- _DIRECTIONS FOR THIS TASK_
Reproduce the listing below exactly. Pictures do not belong in the copy.

- _RAW DATA_

──────

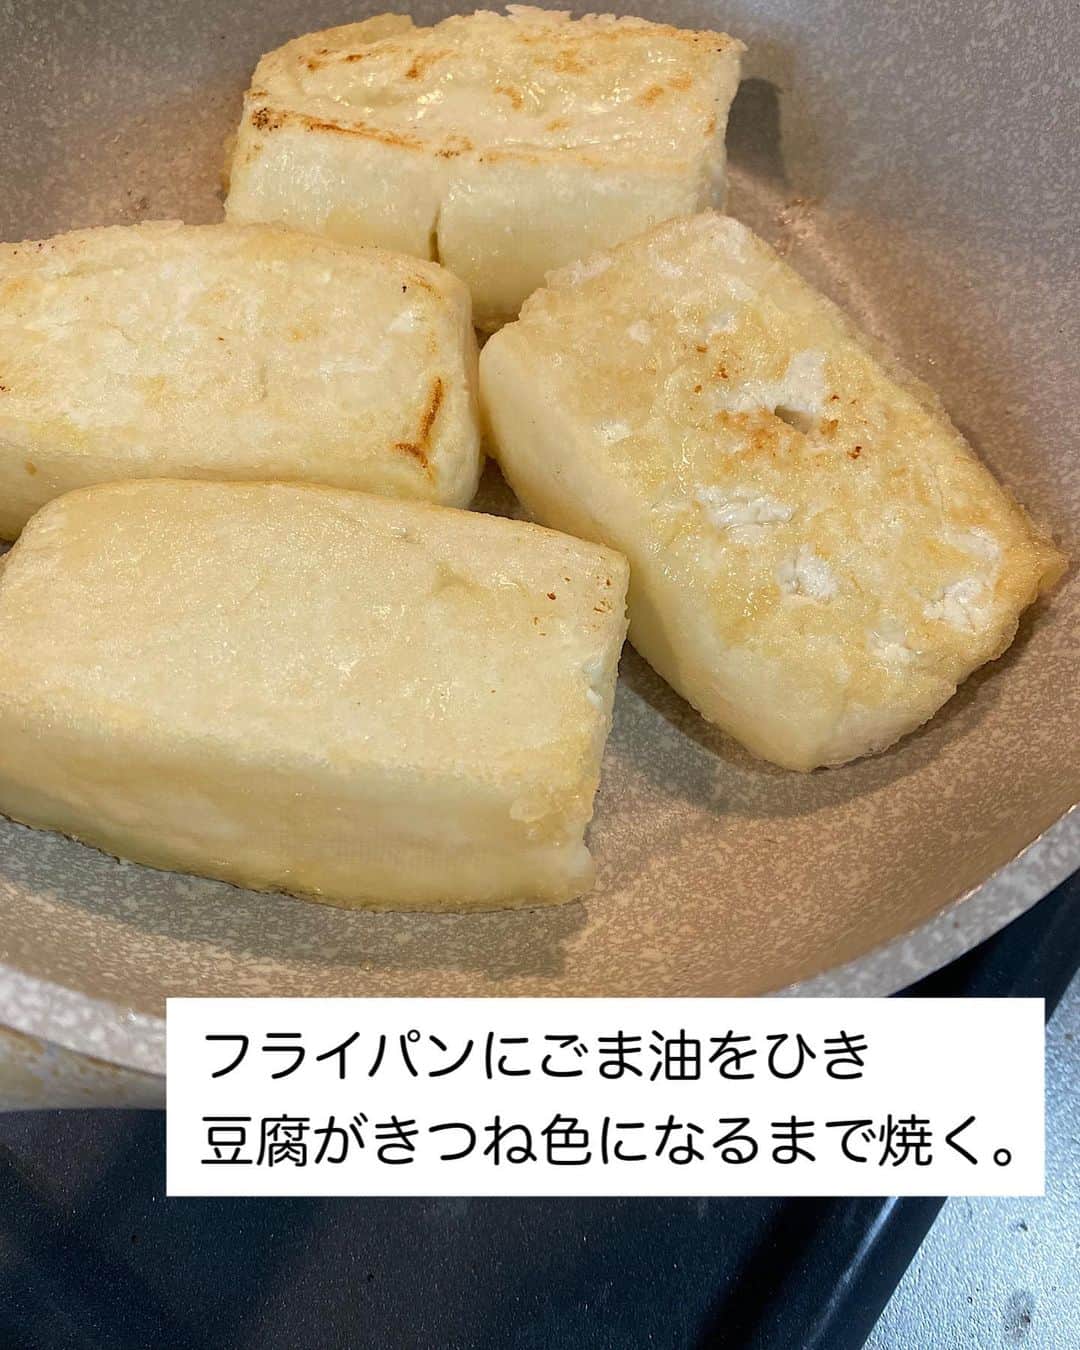 山本菜月さんのインスタグラム写真 - (山本菜月Instagram)「⁡ ⁡ ⁡ ⁡ ┈┈┈┈┈┈┈┈┈┈┈••✼ 旨いのにヘルシー！ あんかけ豆腐ステーキ ┈┈┈┈┈┈┈┈┈┈┈••✼ ⁡ ⁡ ⁡ こんにちは☀︎ 菜月(@zubora_meshi_ )です🐻 ⁡ 今日はとってもヘルシーかつ美味しい♡ しっかりお腹にたまる一品をご紹介します📝 ⁡ 豆腐の水切りはレンジで簡単に 済ませます💡✨ ⁡ 豆腐崩れを防ぐコツもご紹介していますので 是非最後までご覧ください🤲 ⁡ ⁡ ⁡ ｡.ꕤ⌒⌒⌒⌒⌒⌒ꕤ⌒⌒⌒⌒⌒⌒ꕤ.｡ ⁡ ⁡ ⁡ 【材料1人分】 木綿豆腐 1丁 ごま油 大さじ1 片栗粉 適宜 小葱 適量 鰹節 適量 ★しょうゆ 大さじ1 ★みりん 小さじ2 ★砂糖 小さじ1/2 ★生姜チューブ 小さじ1 ⁡ ⁡ 【作り方】 ①豆腐をキッチンペーパー2枚使い包み 　お皿に乗せてラップなし600w2分〜2分半 　加熱する。 ②①の水気をふきとり4等分し片栗粉をまぶす。 ③フライパンにごま油をひき②を入れ 　きつね色になるまで焼く。 ④★をまわし入れ、とろみがつけば完成。 ⁡ ⁡ 【調理ポイント📝】 ・豆腐は3分加熱すると崩れました。 ・片栗粉をたっぷりまぶすと 　形崩れが防げます。 ・葱、鰹節との相性◎ ⁡ ⁡ ⁡ ｡.ꕤ⌒⌒⌒⌒⌒⌒ꕤ⌒⌒⌒⌒⌒⌒ꕤ.｡ ⁡ ⁡ ⁡ ⁡ 📙書籍タイトル ┈┈┈┈┈┈┈┈┈┈┈┈┈┈┈┈┈┈ もはや動けないって時はこれつくろ! とびきり美味しい疲れ果てごはん ┈┈┈┈┈┈┈┈┈┈┈┈┈┈┈┈┈┈ ⁡ ⁡ ⁡ 🌼発売日  : 2023年9月27日(水) 　ご予約後、上記の日付にお届けされます。 ⁡ ⁡ ⁡ 🚗ご予約  : Amazon・楽天ブックスにて開始中 ⁡ ⁡ ⁡ 🔍ご予約方法  :  わたしのプロフィールリンク 　もしくはハイライト【書籍ご予約】に 　ご予約リンクを貼っています♩ ⁡ ⁡ ⁡ ⁡ 最後までご覧頂きありがとうございます。 是非、食レポを聞かせてくださると嬉しいです♡ ⁡ ＊NATSU KITCHEN ＊」9月6日 16時29分 - zubora_meshi_
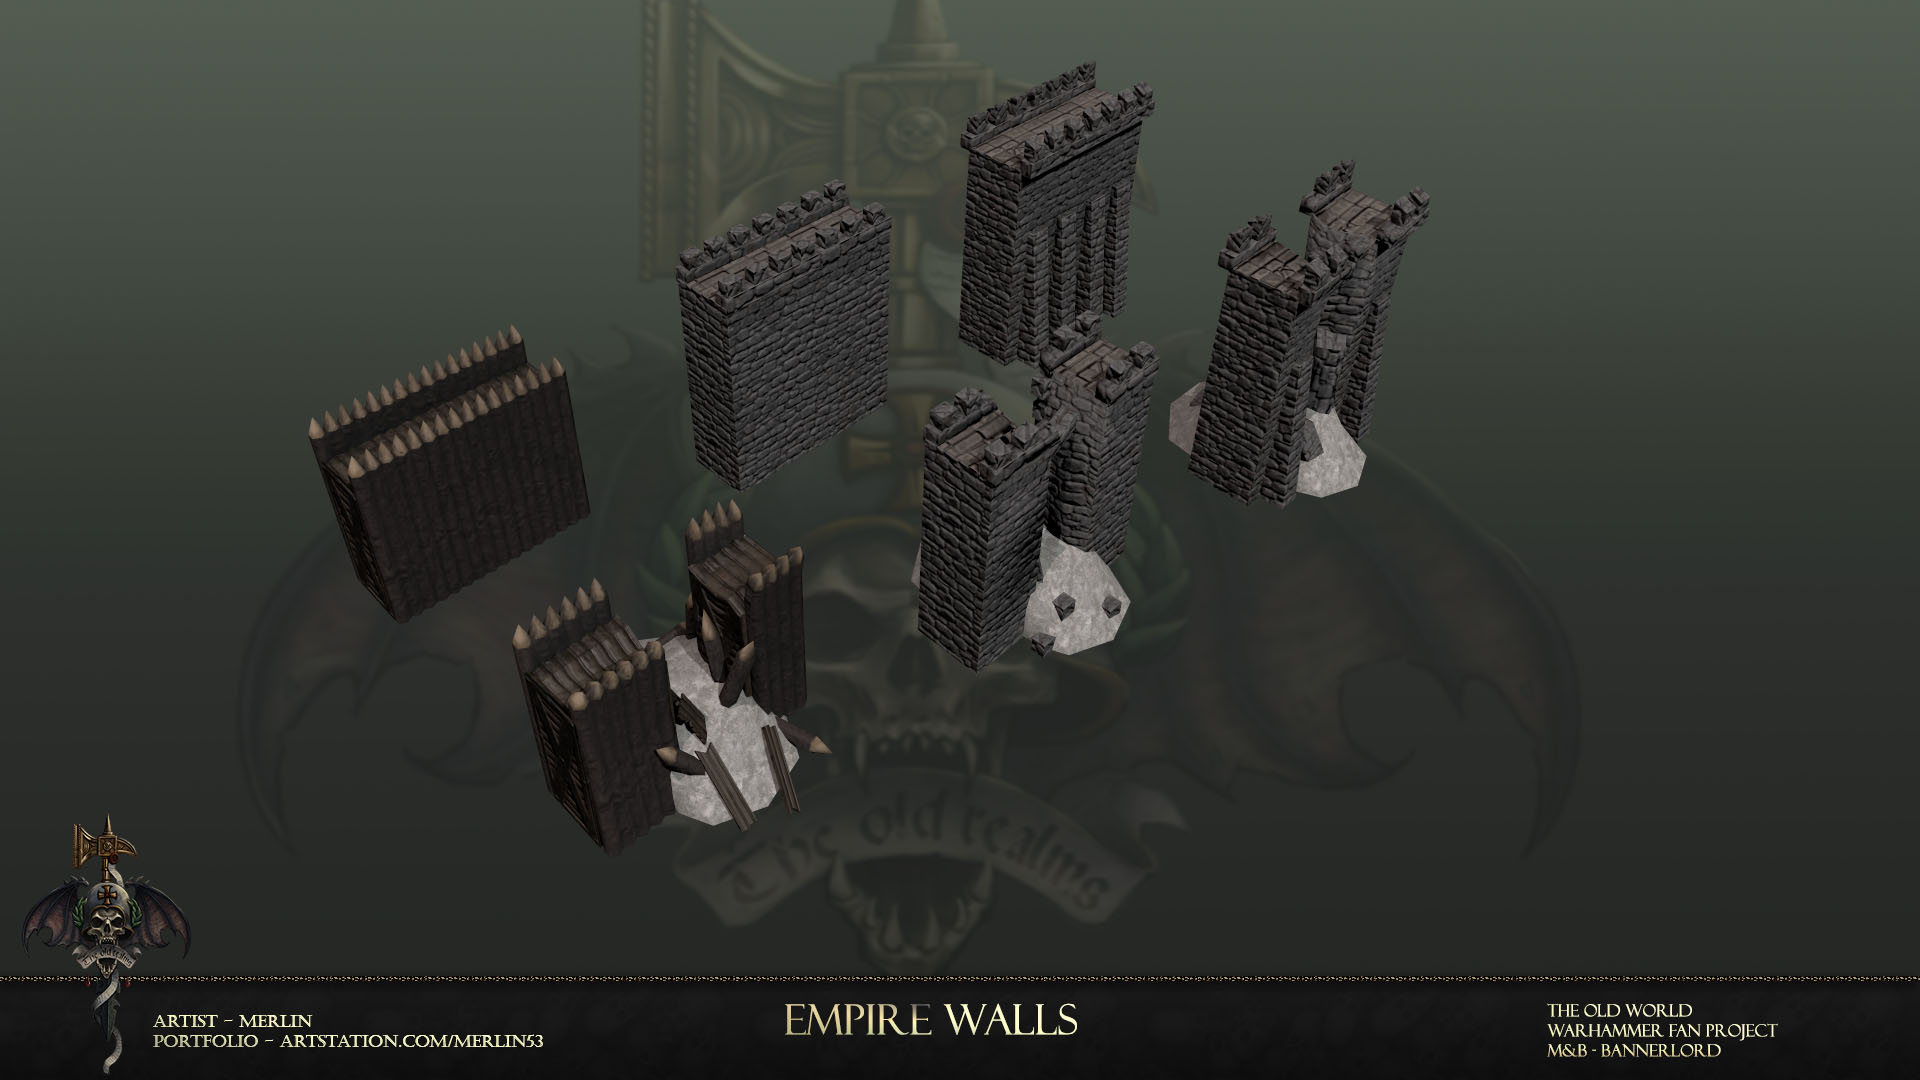 Empire walls
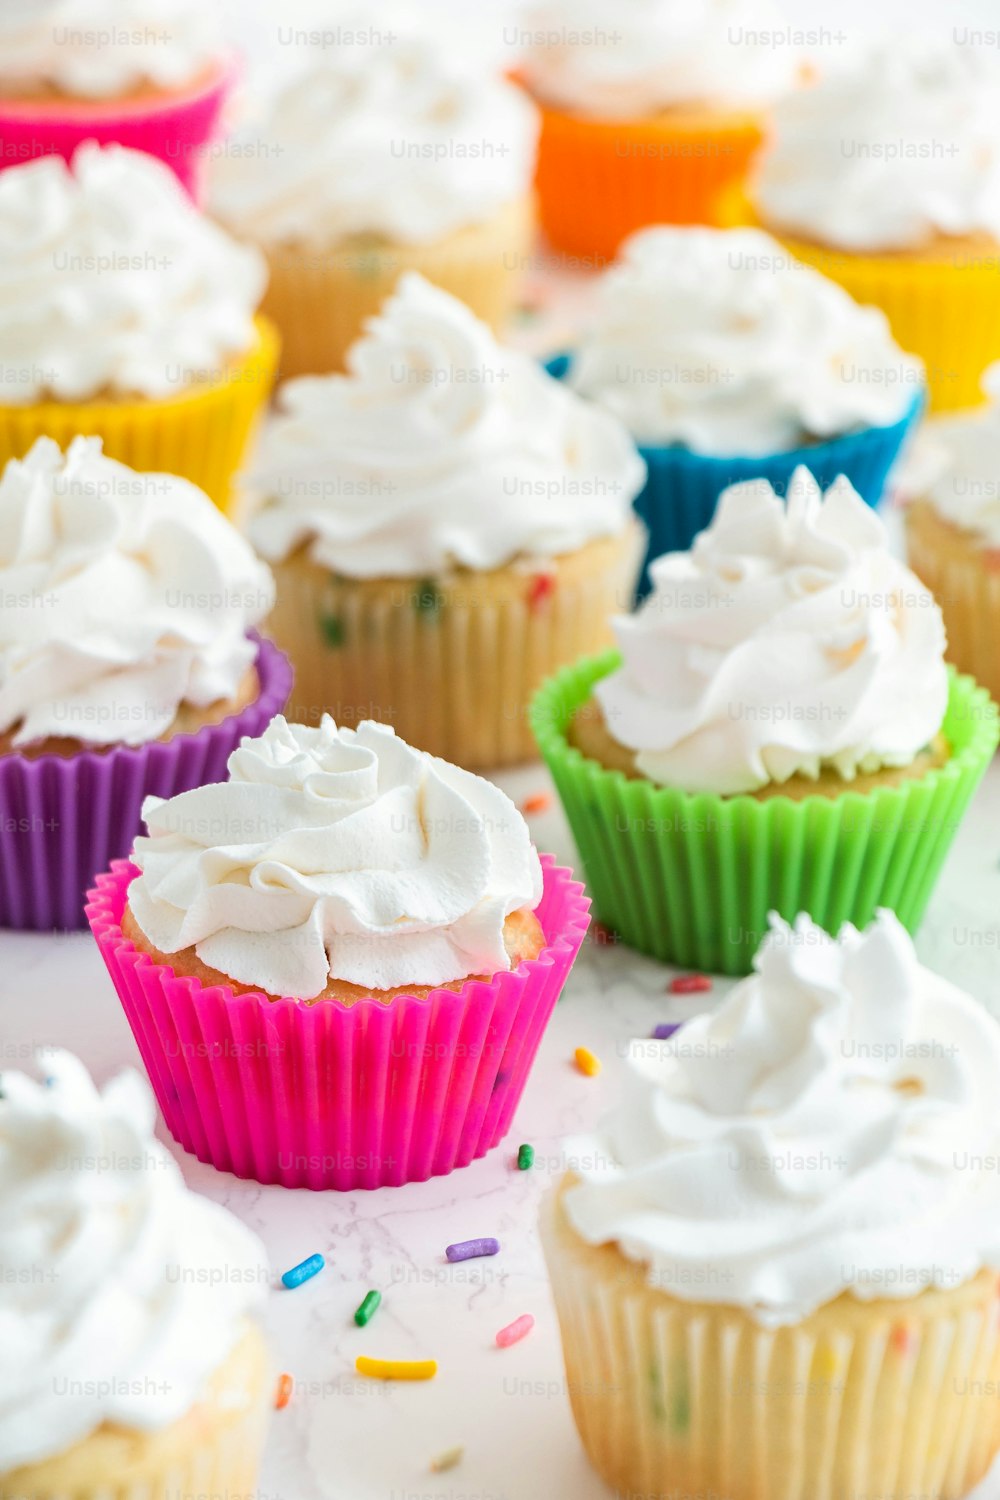 cupcakes con glaseado blanco y espolvoreados sobre una mesa
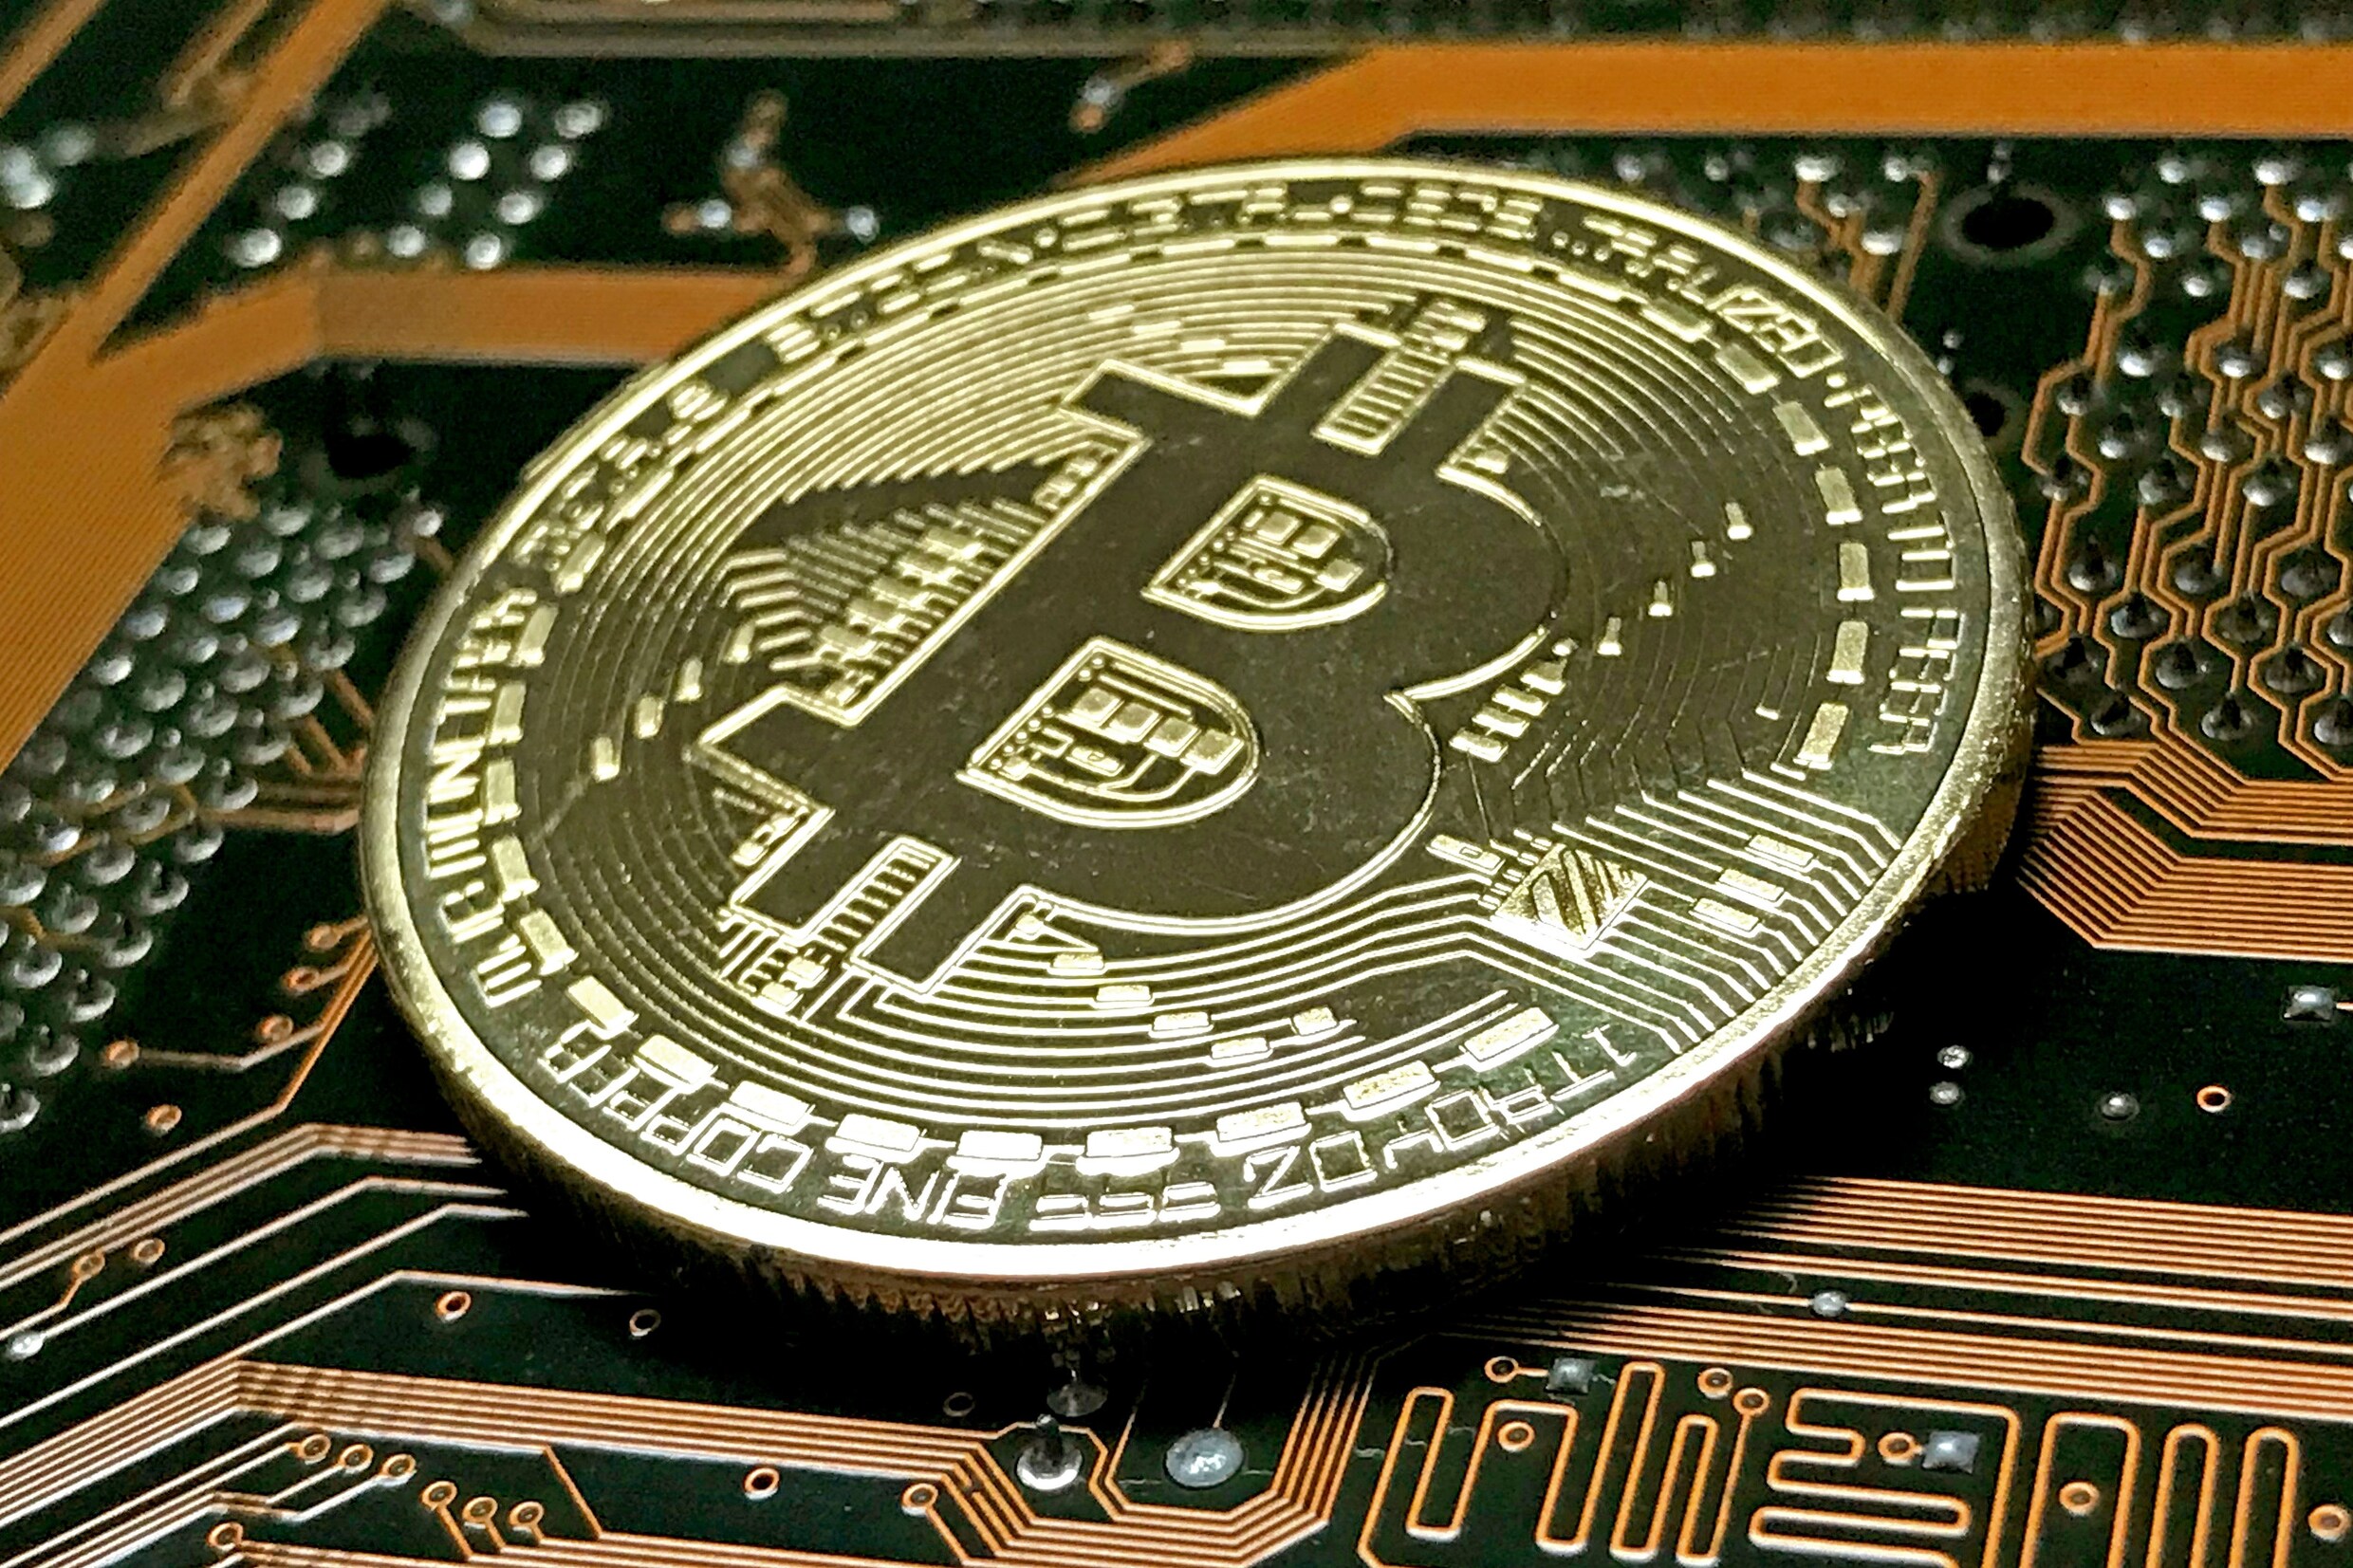 Chaos op cryptomarkt compleet: bitcoin opnieuw in vrije val, andere munten crashen mee

──────

- _RESPONSE TO THE EXERCISE_
 山本菜月さんのインスタグラム写真 - (山本菜月Instagram)「⁡ ⁡ ⁡ ⁡ ┈┈┈┈┈┈┈┈┈┈┈••✼ 旨いのにヘルシー！ あんかけ豆腐ステーキ ┈┈┈┈┈┈┈┈┈┈┈••✼ ⁡ ⁡ ⁡ こんにちは☀︎ 菜月(@zubora_meshi_ )です🐻 ⁡ 今日はとってもヘルシーかつ美味しい♡ しっかりお腹にたまる一品をご紹介します📝 ⁡ 豆腐の水切りはレンジで簡単に 済ませます💡✨ ⁡ 豆腐崩れを防ぐコツもご紹介していますので 是非最後までご覧ください🤲 ⁡ ⁡ ⁡ ｡.ꕤ⌒⌒⌒⌒⌒⌒ꕤ⌒⌒⌒⌒⌒⌒ꕤ.｡ ⁡ ⁡ ⁡ 【材料1人分】 木綿豆腐 1丁 ごま油 大さじ1 片栗粉 適宜 小葱 適量 鰹節 適量 ★しょうゆ 大さじ1 ★みりん 小さじ2 ★砂糖 小さじ1/2 ★生姜チューブ 小さじ1 ⁡ ⁡ 【作り方】 ①豆腐をキッチンペーパー2枚使い包み 　お皿に乗せてラップなし600w2分〜2分半 　加熱する。 ②①の水気をふきとり4等分し片栗粉をまぶす。 ③フライパンにごま油をひき②を入れ 　きつね色になるまで焼く。 ④★をまわし入れ、とろみがつけば完成。 ⁡ ⁡ 【調理ポイント📝】 ・豆腐は3分加熱すると崩れました。 ・片栗粉をたっぷりまぶすと 　形崩れが防げます。 ・葱、鰹節との相性◎ ⁡ ⁡ ⁡ ｡.ꕤ⌒⌒⌒⌒⌒⌒ꕤ⌒⌒⌒⌒⌒⌒ꕤ.｡ ⁡ ⁡ ⁡ ⁡ 📙書籍タイトル ┈┈┈┈┈┈┈┈┈┈┈┈┈┈┈┈┈┈ もはや動けないって時はこれつくろ! とびきり美味しい疲れ果てごはん ┈┈┈┈┈┈┈┈┈┈┈┈┈┈┈┈┈┈ ⁡ ⁡ ⁡ 🌼発売日  : 2023年9月27日(水) 　ご予約後、上記の日付にお届けされます。 ⁡ ⁡ ⁡ 🚗ご予約  : Amazon・楽天ブックスにて開始中 ⁡ ⁡ ⁡ 🔍ご予約方法  :  わたしのプロフィールリンク 　もしくはハイライト【書籍ご予約】に 　ご予約リンクを貼っています♩ ⁡ ⁡ ⁡ ⁡ 最後までご覧頂きありがとうございます。 是非、食レポを聞かせてくださると嬉しいです♡ ⁡ ＊NATSU KITCHEN ＊」9月6日 16時29分 - zubora_meshi_
 Empire walls
 cupcakes con glaseado blanco y espolvoreados sobre una mesa
 Chaos op cryptomarkt compleet: bitcoin opnieuw in vrije val, andere munten crashen mee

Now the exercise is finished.